Gli oggetti di grandi dimensioni non sono più un problema per le stampanti 3D grazie a BlackBelt che usa una testina di stampa angolata e un piano in movimento

Le dimensioni contano. Anche nella stampa 3D, soprattutto nella stampa 3D. Per anni questa tecnologia è stata accusata di produrre oggetti troppo piccoli, ideali per i prototipi ma non per le “grandi opere”. Negli ultimi tempi, però, è sempre più facile vedere delle stampanti per grandi formati.

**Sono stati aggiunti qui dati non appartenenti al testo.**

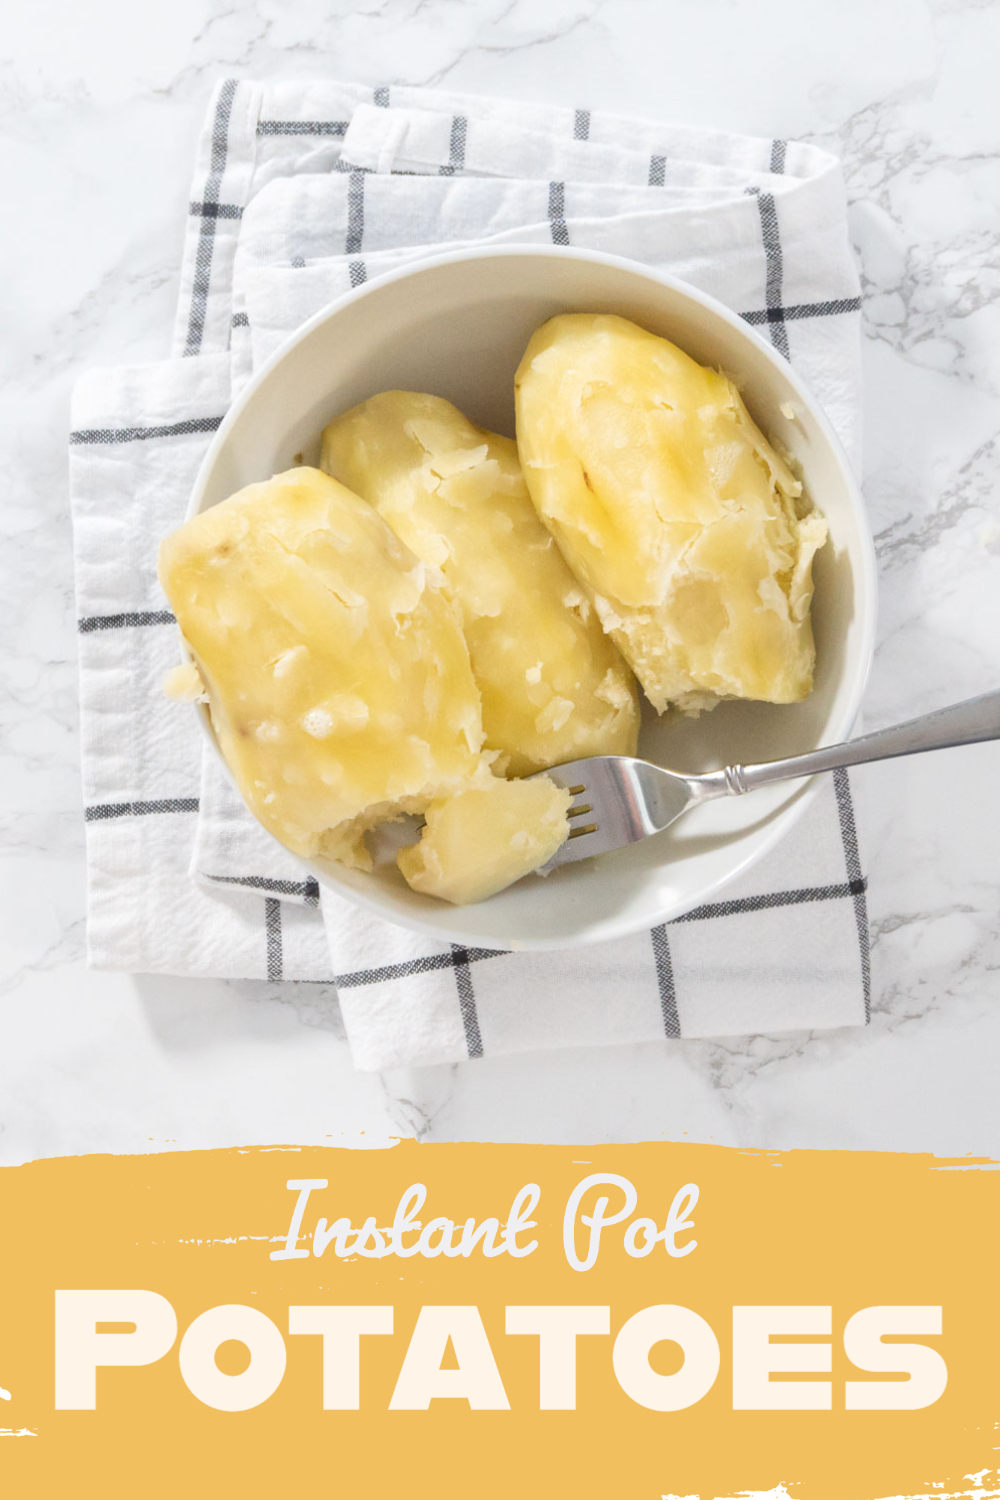 Easy Instant Pot Potatoes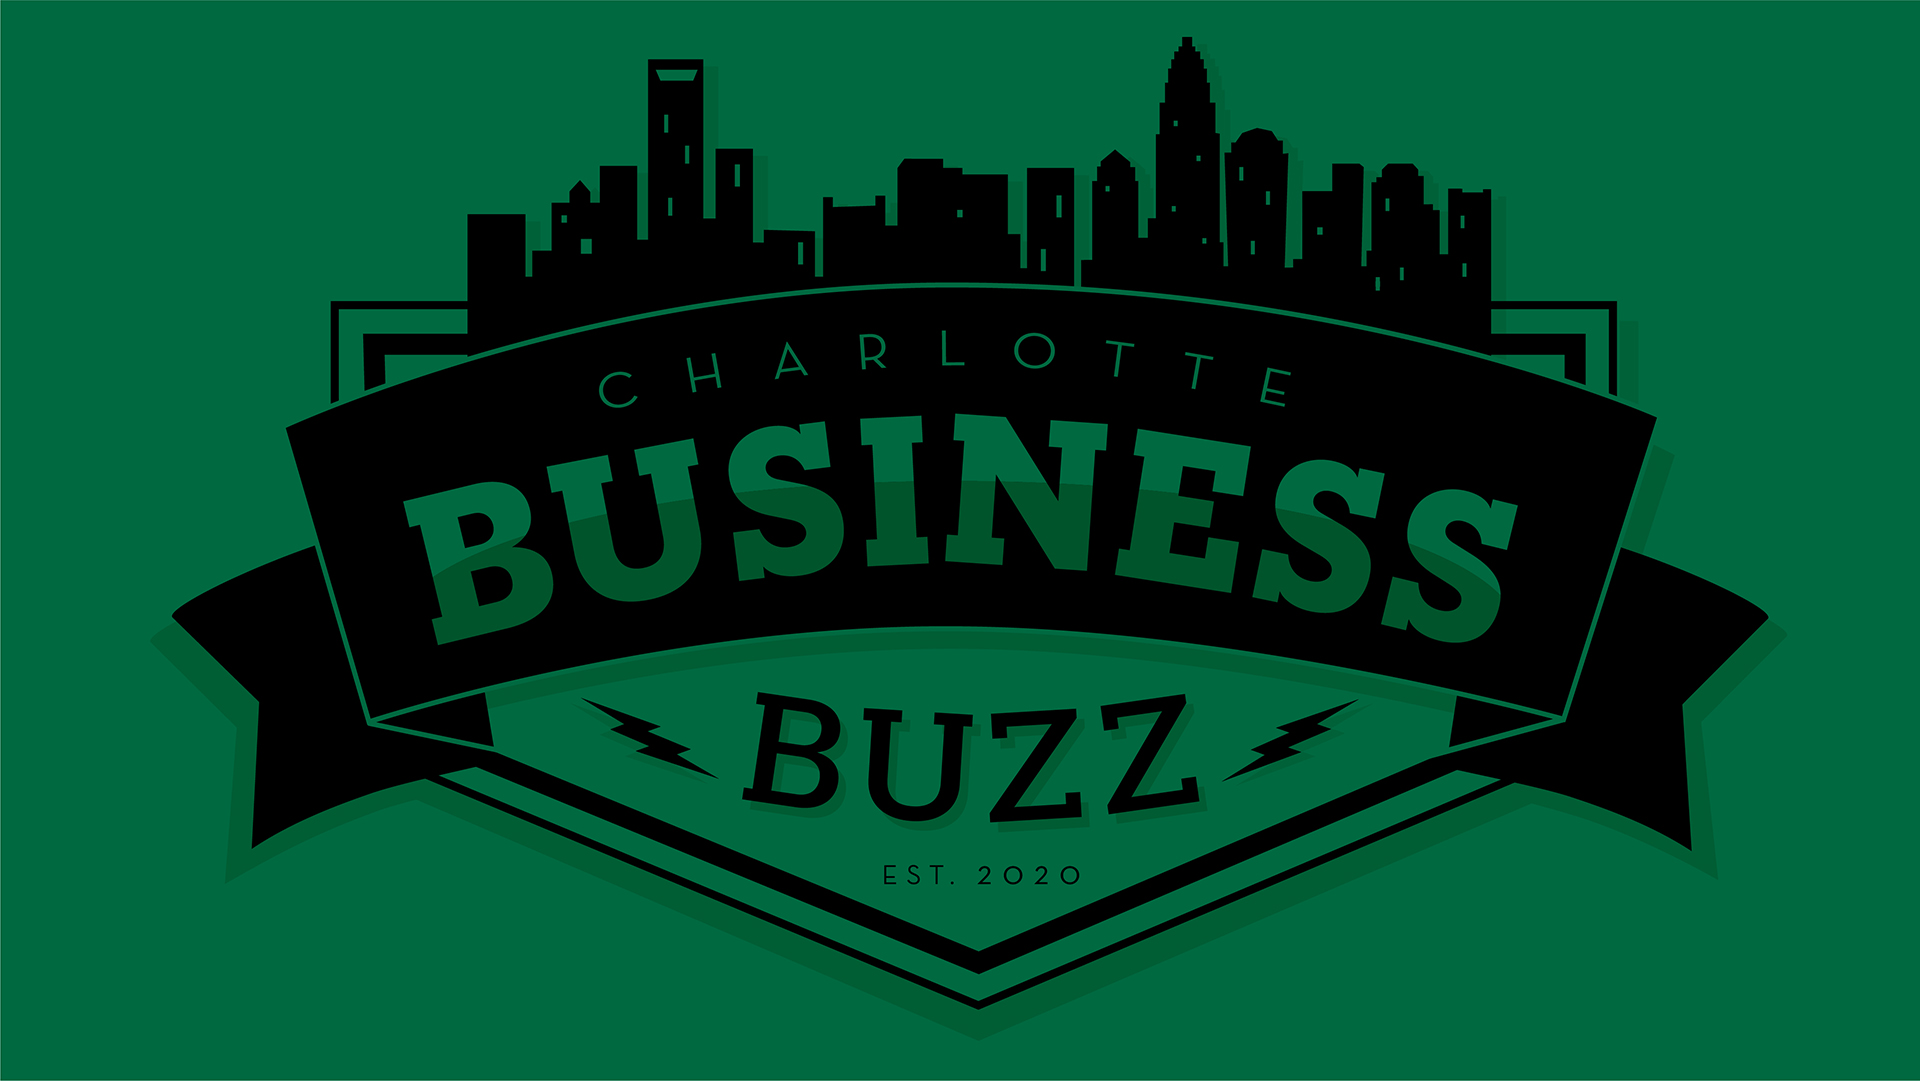 Charlotte Business Buzz

Tra le nuove stampanti 3D che non hanno limiti per le dimensioni troviamo la BlackBelt 3D. Per realizzare gli oggetti, la stampante utilizza un nastro a scorrimento, molto simile a quello dove ogni giorno poggiamo i prodotti alla cassa dei supermercati. In pratica si tratta di un sistema di stampa in continuo movimento che permette la creazione di oggetti anche molto grandi. La testina di stampa è posizionata su un braccio meccanico con un’angolazione tale da permettere la realizzazione di oggetti e parti in grande scala senza dover spostare il prodotto. Nel concreto cosa si può realizzare con la BlackBelt? Sedie di design, chitarre e tantissimi altri oggetti.

BlackBelt 3D

Nonostante la possibilità di realizzare oggetti molto grandi il prezzo della BlackBelt 3D non è eccessivamente alto. Per acquistarla sono, infatti, necessari 10.600 dollari. In pratica poco più di 9 mila euro. A dirla tutta non si tratta della prima stampante in piano. Ovvero capace di realizzare prodotti su una superfice in movimento. Lo stesso compito lo svolge anche la Novel 3D. A differenza della Novel 3D, che è stata recentemente sviluppata grazie a una campagna sul sito di crowdfunding Kickstarter, la BlackBelt 3D ha meno limiti in altezza e larghezza. Proprio grazie all’angolazione della testina di stampa rispetto al piano di lavoro.